Thu 25 Sep 2014
MAX CARTER – Call Me Killer! Avon A542, paperback original, 1953.
The damnedest thing I’ve read in a long time (is the title an homage to Melville or Merman?) not least because I can’t find any references to “Max Carter” and I can’t say whether he wrote anything else, used another pen name or just appeared, dropped this bombshell and stole softly into the pulp-paper night.
The story starts with the narrator, Ed Dirke, a one-time successful playwright being released from prison after a seven-year stretch for murdering his girlfriend. In a quick flashback, Dirke tells us how his brother Carl manipulated him into the killing, and lets us know he’s out to settle things Old-Testament-style with a life for a life.
Turns out Dirk’s brother won’t play Abel to his Cain all that easily though; Carl is a big-time buyer-and-seller of anything profitable, and he’s surrounded himself with a lot of big and well-armed disciples, as well as a few well-cantilevered dames with moves that would make a Bishop kick a hole in a stained glass window, as the man says.
Come to think of it, there’s only one woman in the whole book who keeps her clothes on for more than a couple pages, and like a hero out of Spillane, Dirke is what they call “sexually active” these days whenever he’s not being beaten up, bound, shot-at or merely propositioned.
Pretty standard stuff so far, but Dirke isn’t your average paperback tough-guy. He’s more writer than fighter, and his relationship with his brother borders on the unnatural. He’s also subject to blackouts, and his actions take a turn very early on that changes the reader’s whole outlook on the tale as we realize that our hero may be hallucinating as much as he’s narrating.
I won’t give any more away, except to say that the action is routine paperback riot, no better or worse than a dozen other hard-boiled histories, but Carter puts a subversive enough edge to it that I wish I knew who-the-hell he was.
September 26th, 2014 at 8:24 am
Al Hubin has no information as to who “Max Carter” might be. The book was reprinted in Australia in paperback in 1955 by Phantom Books under the title KILL CRAZY. There is a book by Max Carter published in Swedish as “Räkning att betala : detektivroman” with a date of 1968, which may be this one. Google suggests that the title translates to “Bill to Pay.”
The book was copyright under the author’s name with a given date of 13 Nov 1953. My guess is that Mac Carter is a pen name, but if he is someone known to us otherwise, I have no idea.
September 26th, 2014 at 8:38 am
I note that B. V. Lawson has included CALL ME KILLER! in this week’s list of Friday’s Forgotten Books, and this book certainly qualifies. Other than Dan, I wonder how people have actually read it in the past 60 years?

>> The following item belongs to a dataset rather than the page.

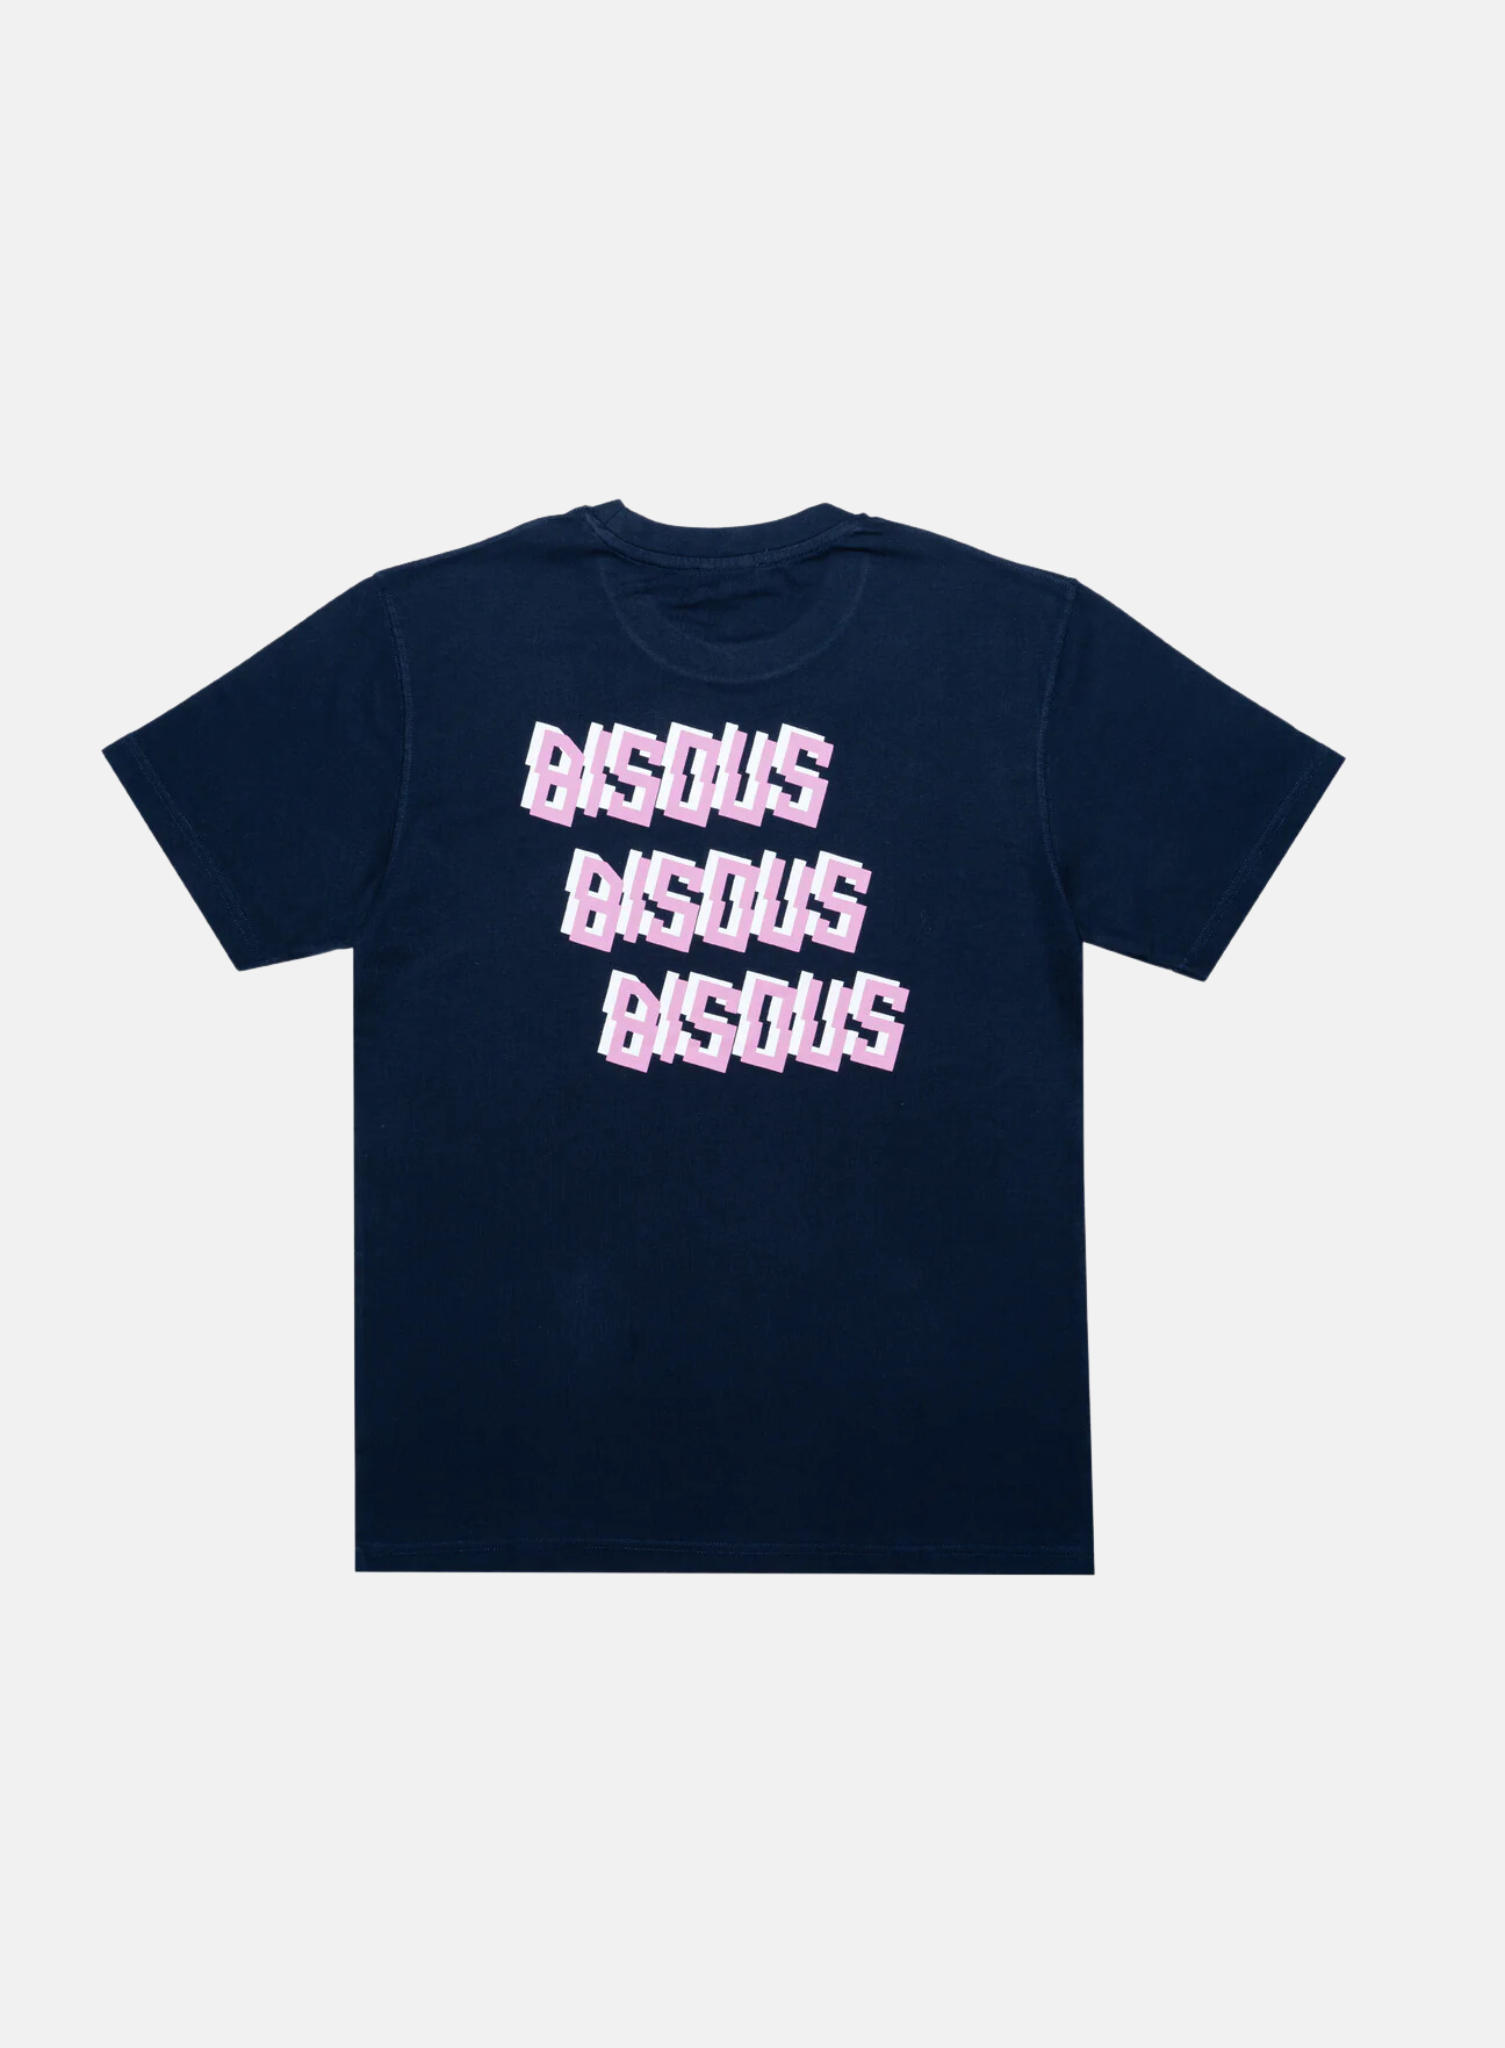 SS Bisous x3 Tee Navy

Of course, as soon as I find my copy, I’ll read it right away. But of course, come to think of it, it might be quicker to buy a buy another one.
The complete list:
http://inreferencetomurder.typepad.com/my_weblog/2014/09/ffb-she-shall-have-murder-and-all-the-other-links.html
September 26th, 2014 at 2:53 pm
This almost sounds as if it was intended as a satire on Spillane if not a commentary. I’ll add it to my list of the more obvious Spillane imitators and followers.
Max Carter might well have been a more mainstream writer or non genre related writer ‘slumming’ to either cash in or send up the Spillane style. Then too it might have been a one off by one of Avon’s regulars who didn’t want to be associated with it.
September 26th, 2014 at 5:38 pm
“Max Carter” may have been a “name” author slumming, but the book is not one that any of Avon’s regular authors would have been ashamed of.
September 26th, 2014 at 6:03 pm
I’m guessing Dennis Lynds. He was just starting out in the early ’50s and later wrote under the names of MAXwell Grant and Nick CARTER. Well, it’s possible….
November 21st, 2024 at 10:01 pm
“Max Carter” was author Morton Cooper. All is pseudonym shared his same initials. He was also including Mike Crane, Mark Clements, and Mavis Cromwell.
November 21st, 2024 at 11:43 pm
Aha! Finally. Now we know. Thanks, Lee!